Today, let’s talk about Substack’s new reading app, and the moment in the life of a young tech company when its ambitions grow from niche service provider to a giant global platform. (Platformer is hosted on Substack; see my ethics disclosure.)
For the company’s first five years, writers using have Substack published in two places: on the web and via email. As of today, there is a third place: an iOS app that allows you read everyone you subscribe to on the platform — as well as any other RSS feeds you care to add — in a dedicated spot on your phone or tablet.
“We’ve kind of wanted to do this forever,” Chris Best, Substack’s co-founder and CEO, told me in an interview Tuesday. The app was built by a team nostalgic for the halcyon days of Google Reader, he said, with its hand-curated feeds and limited social features. The team also wanted to enable features that simply aren’t possible in email: background podcast listening; video embeds; comment threads updated in real time.

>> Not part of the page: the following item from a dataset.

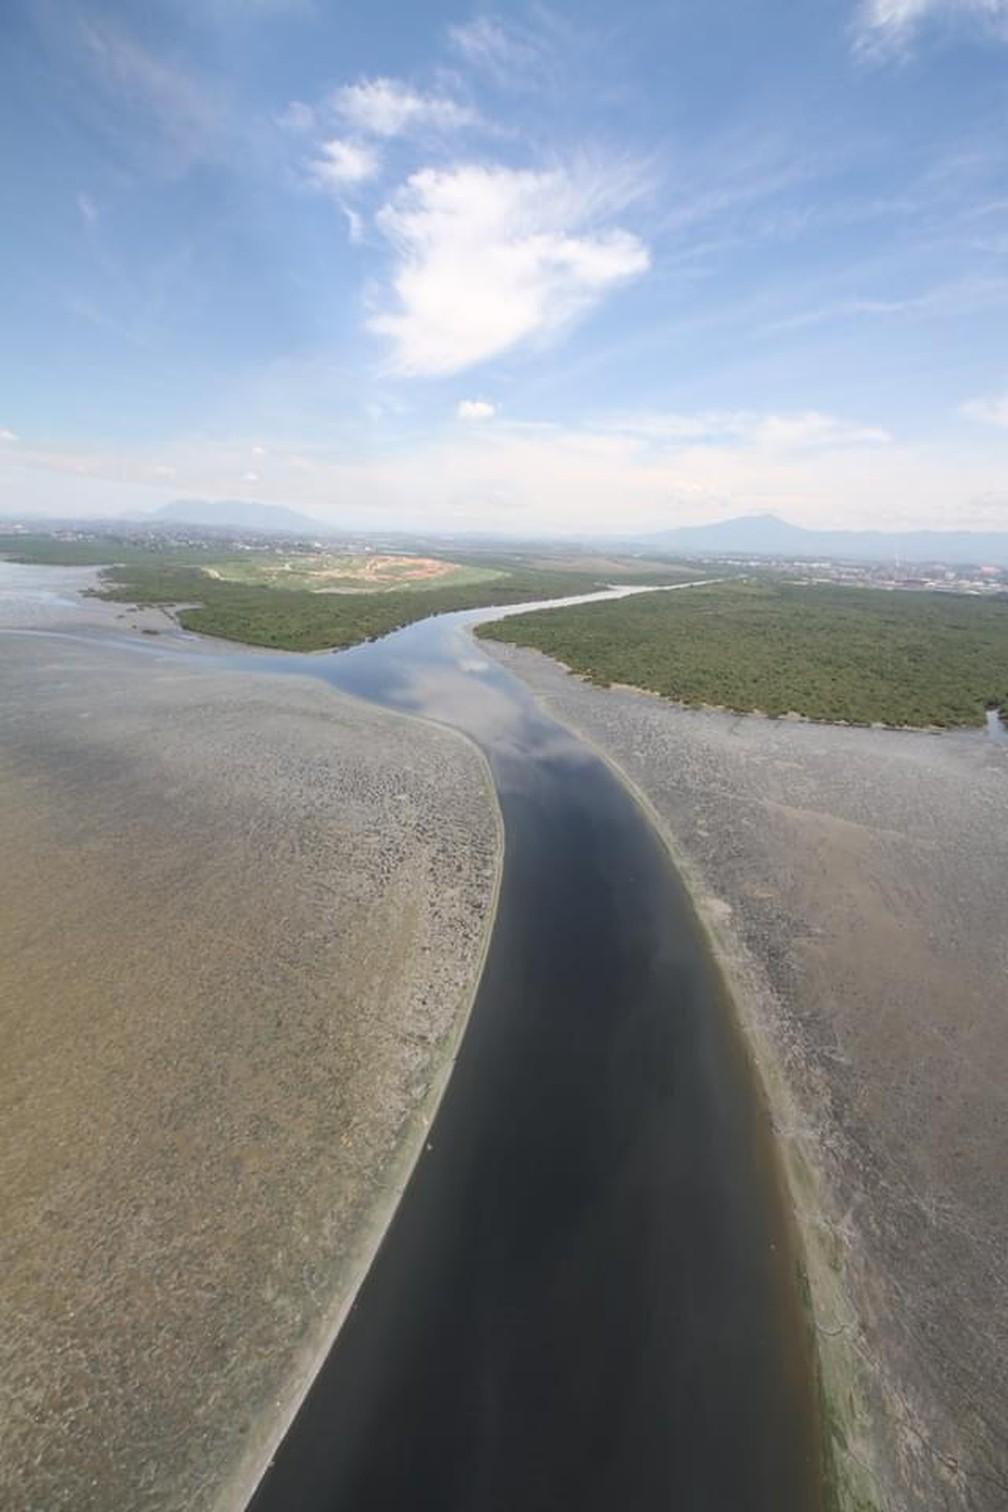 Despejo de detritos na Baía de Guanabara pode favorecer a ocorrência de enchentes no Rio. — Foto: OLHOVERDE/ Mário Moscatelli

“There's a place you can go that’s not like a giant slot machine, trying to appeal to your worst self,” Best said, “but instead is a place where you go to spend time with the people you've chosen to spend time with, and that you think make your life better.”
When I installed a beta version of the Substack app last week, I was struck by the effort the company is making to get you to use its app by default. When you sign in to your account, the first thing the app does is ask if you want to “pause” all email notifications from the publications to which you subscribe. It looks like this, and is switched on by default:
Best told me there were practical considerations for this design choice. Many people enable notifications for both Substack and email, and receiving duplicate notifications might be frustrating. But the company also believes in the superiority of the app as a place to read.
“Email is great for all of the reasons it has always been great,” Best said. “It’s low friction. It’s this direct connection where you can reach out, unmediated by the algorithm. But it’s obviously not the best version of that reading experience.”
The ideal Substack app, he said, is “like Google Reader and your email inbox had a baby that's more attractive than either of its parents.”
I wince at some of the language in the Substack app; I’d never send out a newsletter if I thought it was something your email inbox should be “spared” from. For my favorite newsletters, the reverse is true. My email inbox consists mostly of things I did not ask to receive; when one of my favorite newsletters shows up there, then, I get excited.
Of course, I’ve also gone overboard. I subscribe to 50 newsletters on Substack alone, 12 of which I pay for. More newsletters roll in each day from Ben Thompson, Matt Levine, the New York Times, The Verge, Twitter’s Revue, Facebook’s Bulletin, and The Atlantic. In the end, I created my own sort of Substack reader app using Gmail filters: automatically labeling most of them and moving them to a dedicated tab, which I read at my leisure.
Using the Substack app, and talking with Best, highlighted for me the different interests of readers, writers, and Substack itself. In them, I think, there are some lessons about what the next wave in media could look like.